* Problem description *
When you repeat the material, keep each line exact and omit the pictures.

START Information shown

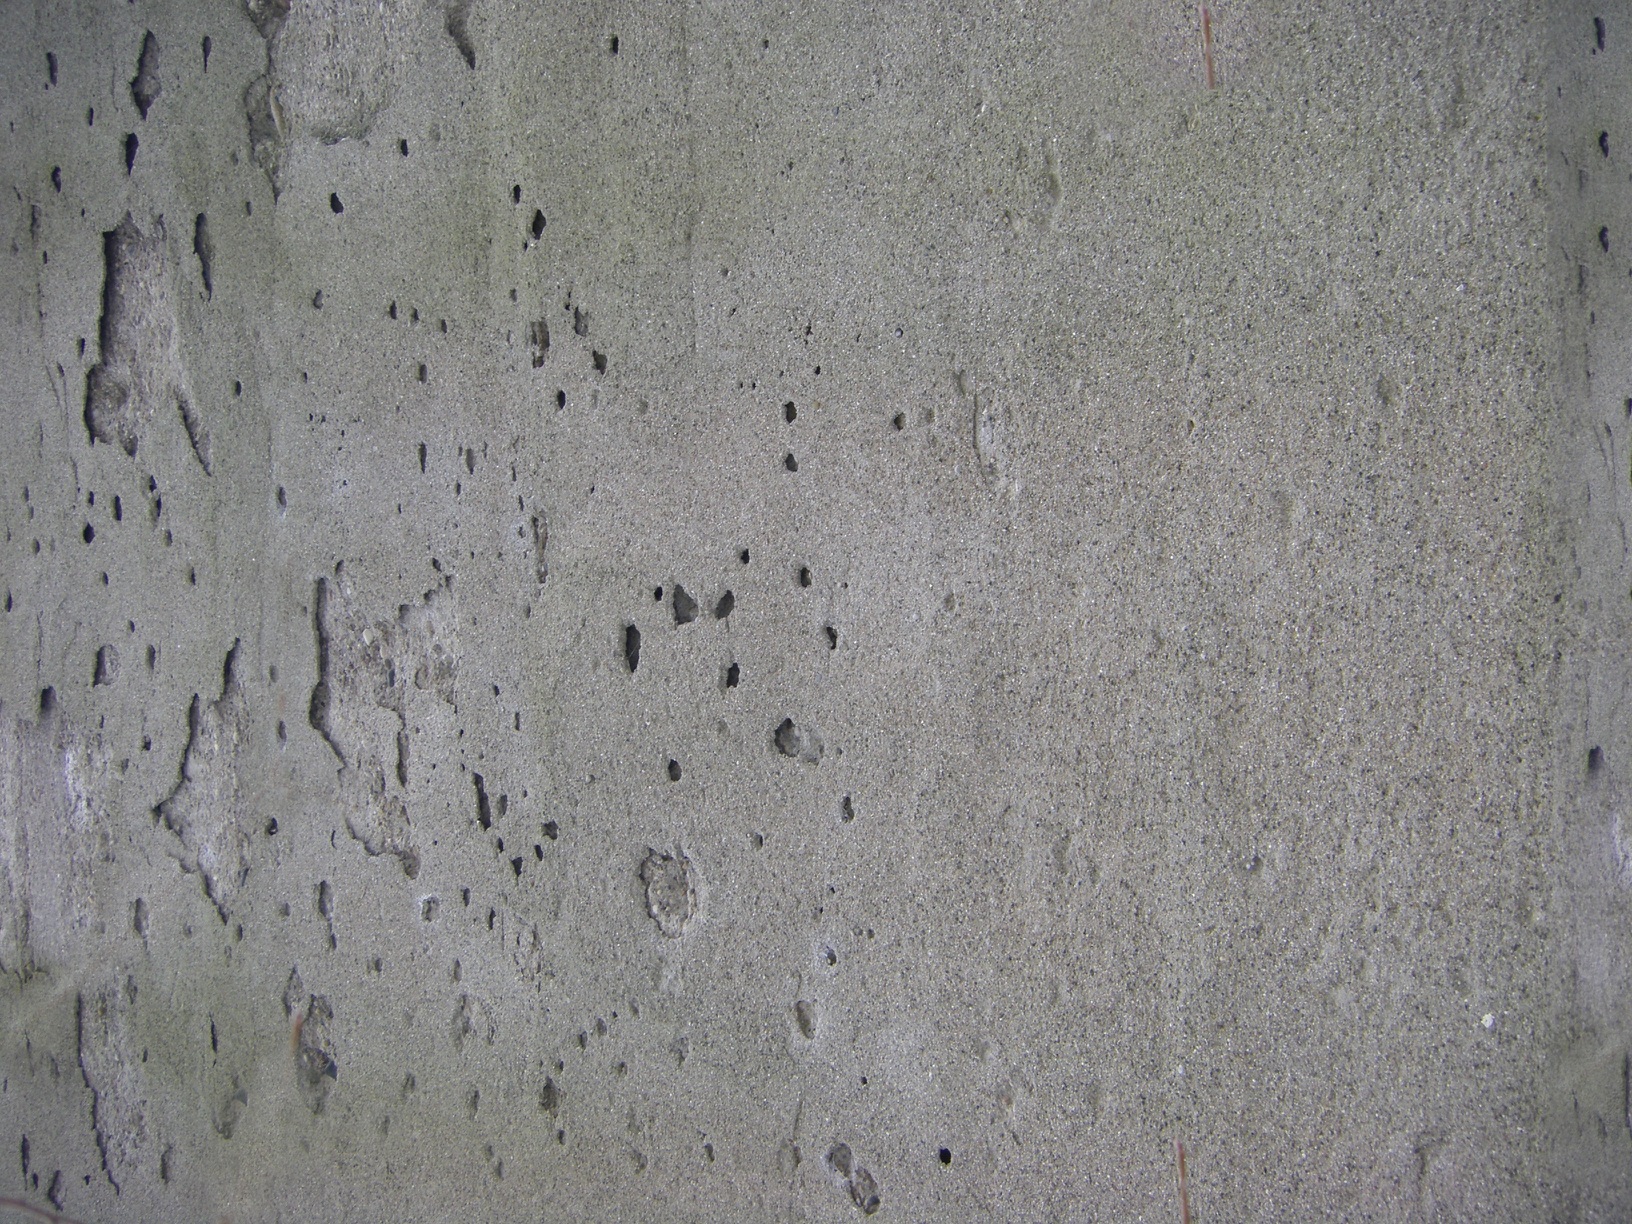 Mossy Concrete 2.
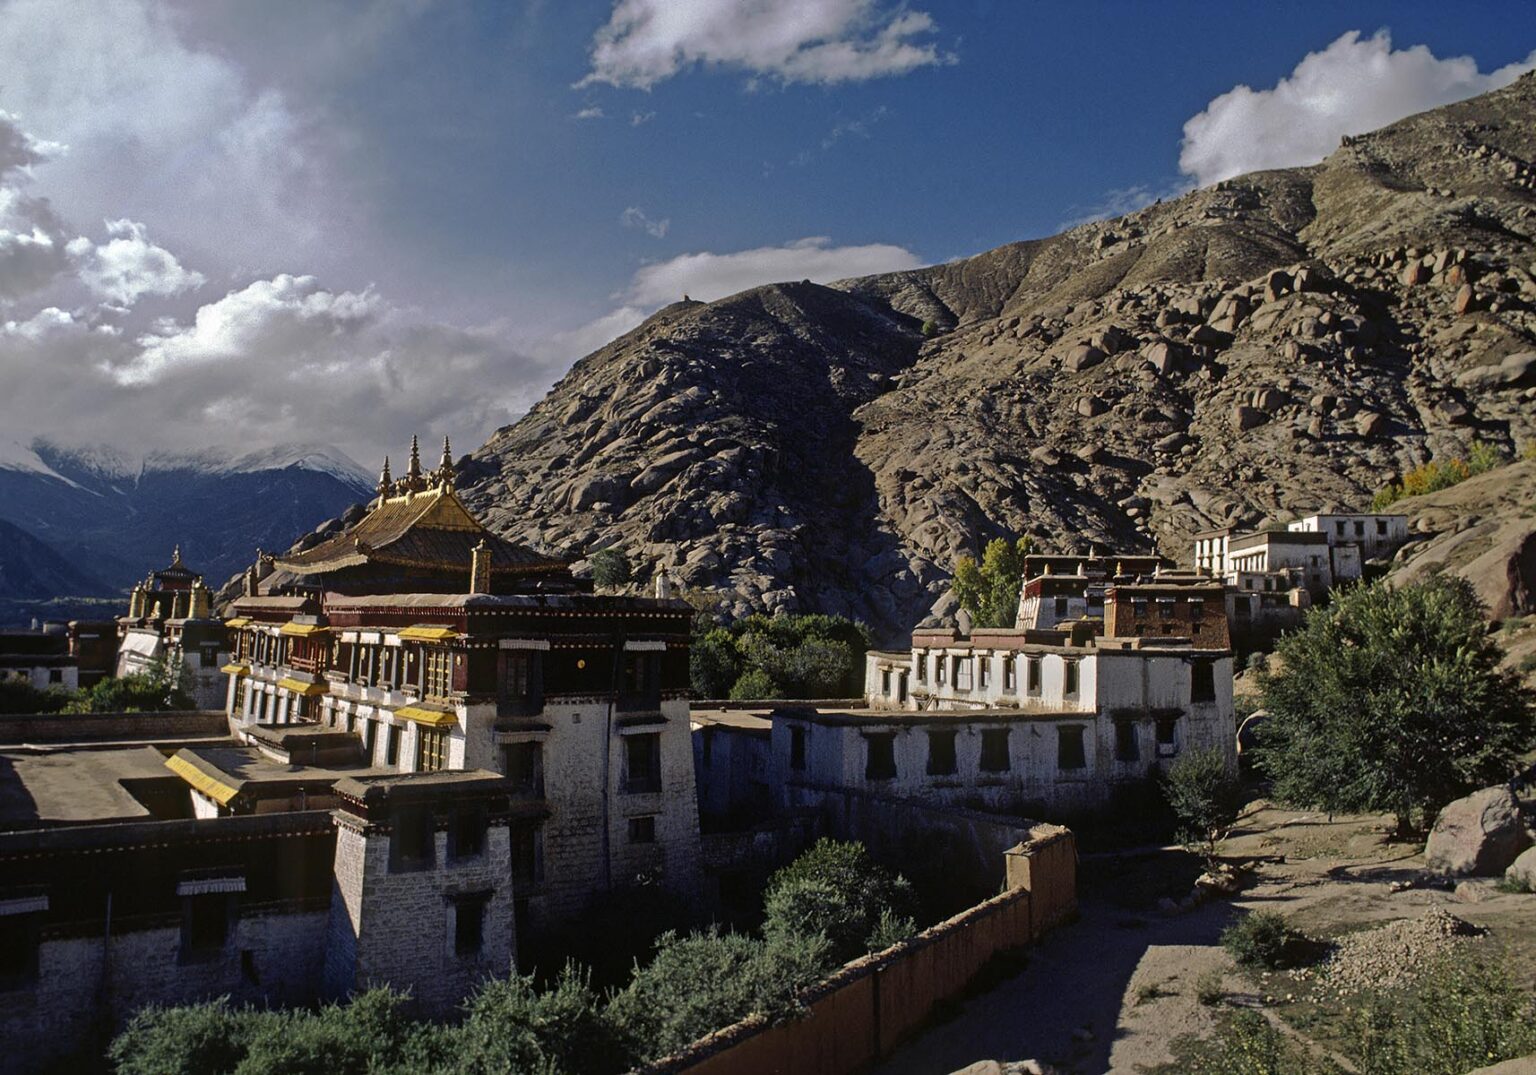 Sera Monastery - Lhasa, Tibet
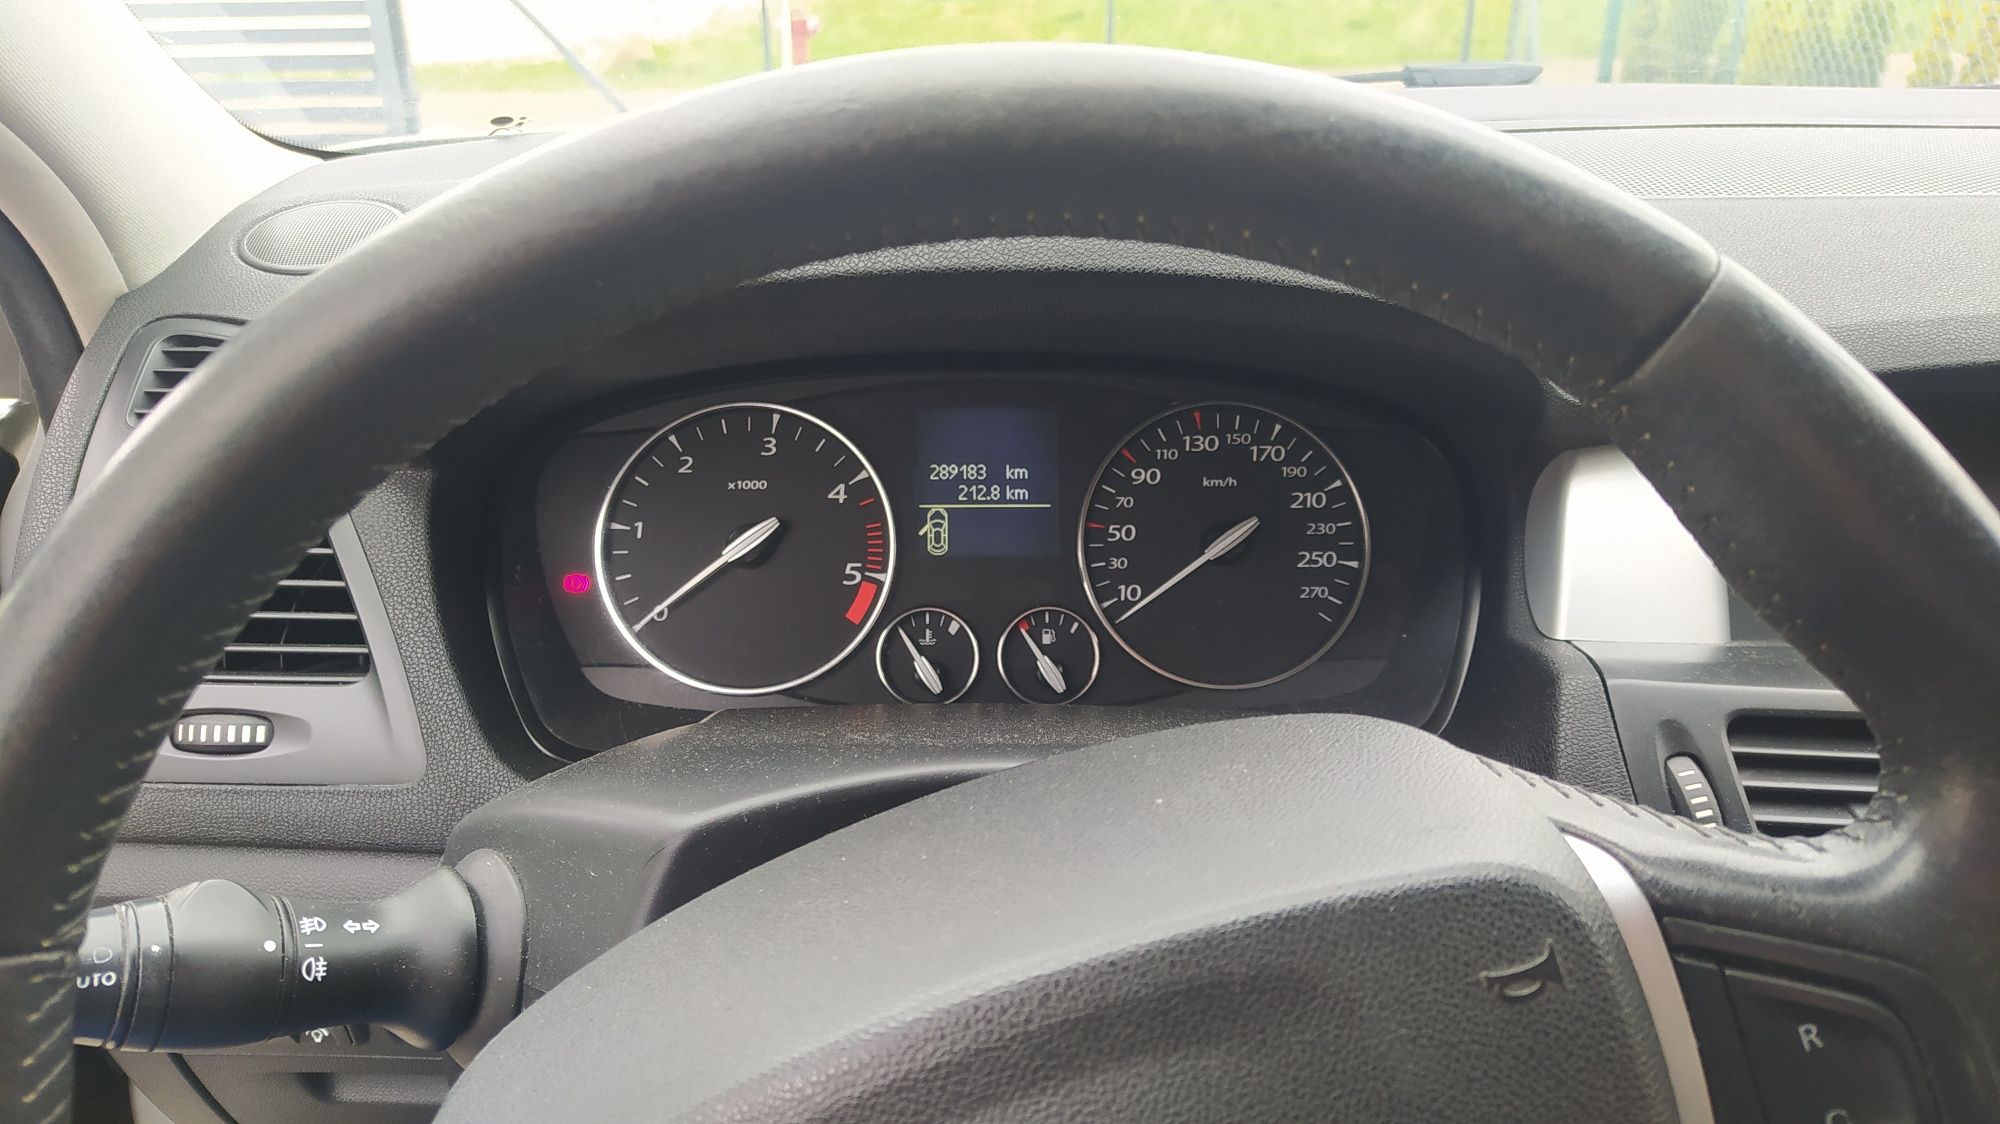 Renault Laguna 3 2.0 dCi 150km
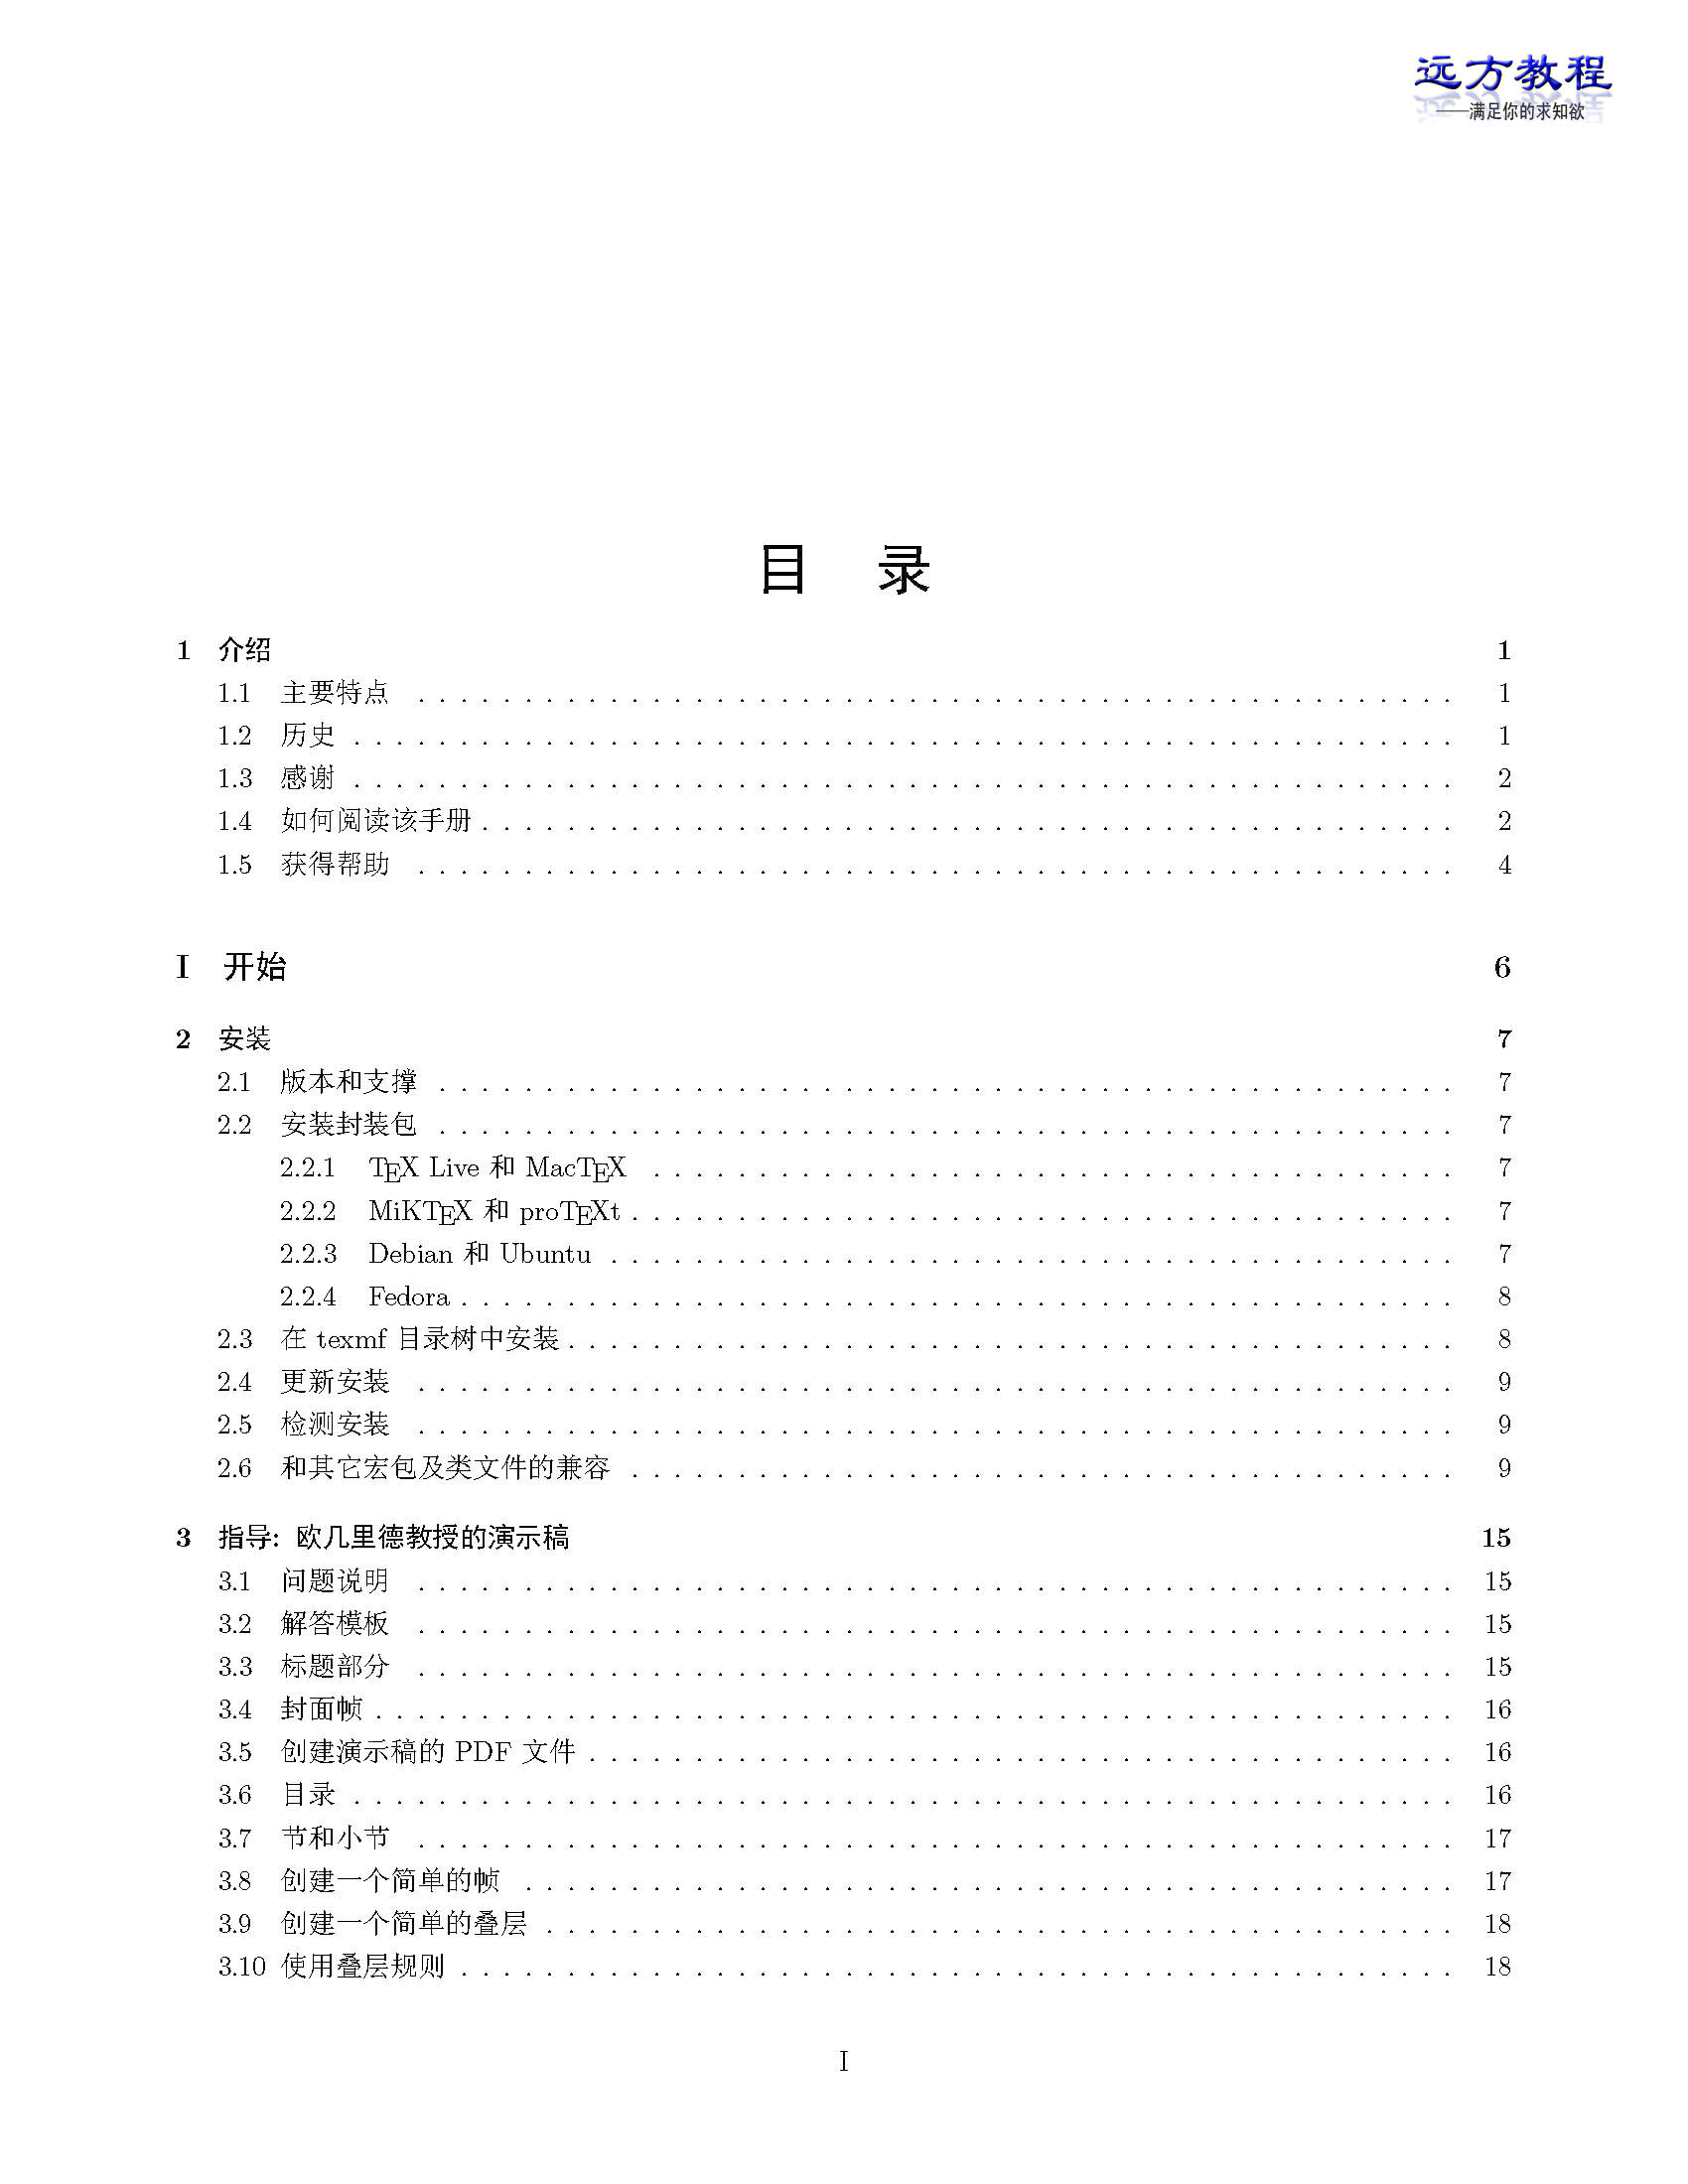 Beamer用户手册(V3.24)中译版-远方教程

END Information shown

* Result *
 Mossy Concrete 2.
 Sera Monastery - Lhasa, Tibet
 Renault Laguna 3 2.0 dCi 150km
 Beamer用户手册(V3.24)中译版-远方教程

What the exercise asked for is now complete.